Mailvox: the spankings, the spankings!

Melissa bends over and wiggles her bottom, metaphorically speaking:

It’s not that yon chest-beating troglodytes are rejecting the smart women, dearies. It’s that none of us has any interest in having sex with you. We don’t care whether you’re looking for a woman who won’t challenge you, because we’re busy trying to find men who are smart, motivated, and sexy enough to keep up with us. And frankly, y’all just don’t rate.

Oh, really? And yet, it’s not the smart men who are complaining that they can’t get dates, haven’t gotten laid in years and are writing seven-part series in the New York Times about how they’ve all but given up on the notion that anyone wants to marry them. This statement is nothing but an echo of the classic Sisterhood dogma meant to provide solace for the rejected career woman.

The truth is that except for the golddigger and the desperate-for-attention, there is no one easier for an alpha male to nail on the first meeting than a self-professed smart, strong, independent woman. Her posturing, which is often done in the same dismissive tone that Melissa thoughtfully provides for us here, is primarily a contrarian invitation to conquer her. She snarls, bites and claws, always in the hope that the man is both capable of making her submit to him and interested in doing so. This is why women always focus on the challenge they offer; they are aroused by superior men capable of meeting that.

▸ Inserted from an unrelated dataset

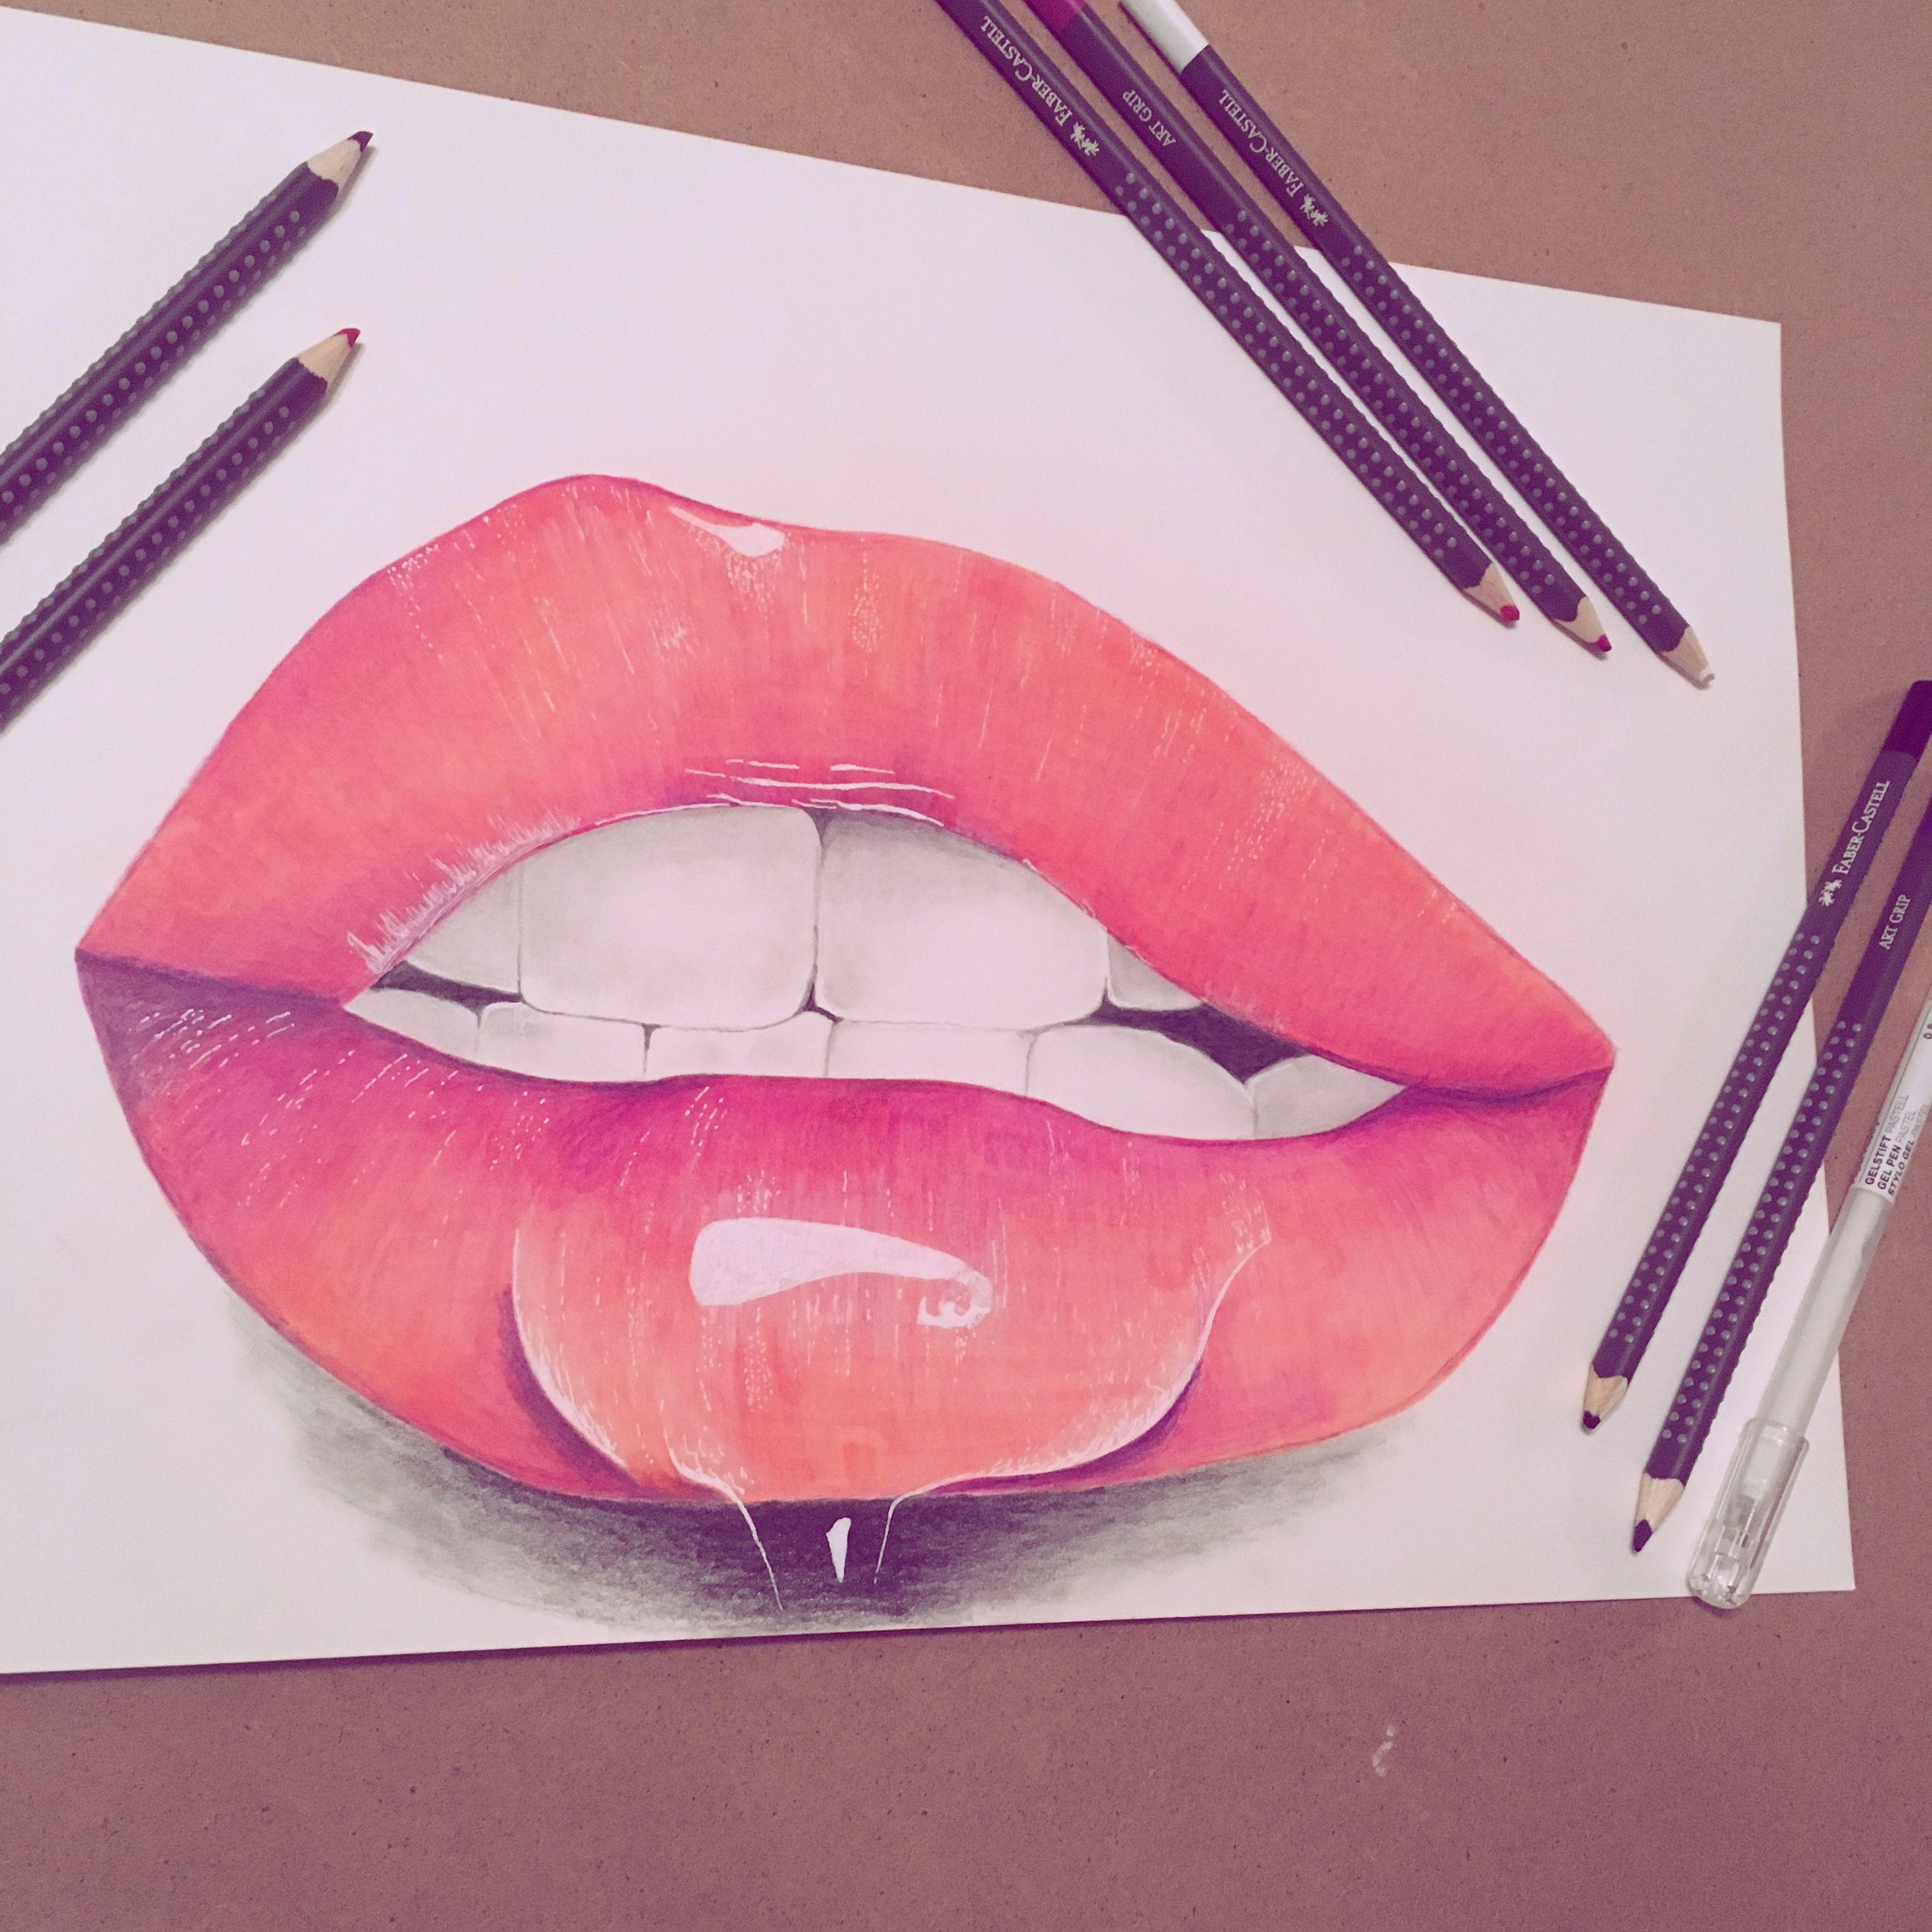 Lip Drawing Lip Gloss Colour Pencils Lip Drawing My Drawings

The man who understands this never lacks for women, of all levels of intelligence. Sex in the City once offered a good example of this, when Miranda complains how she is helplessly excited by an arrogant man she can’t otherwise stand. There is, after all, a reason that adult women are so much more fond of Gor novels than those telling tales of Cimmeria.

Alpha or otherwise, however, the wise man will avoid such challenging women in the interest of pursuing a harmonious relationship not subject to inherent stress and conflict. We are not all born wise, however, and some of us only come to wisdom after first experiencing a sufficient amount of foolishness.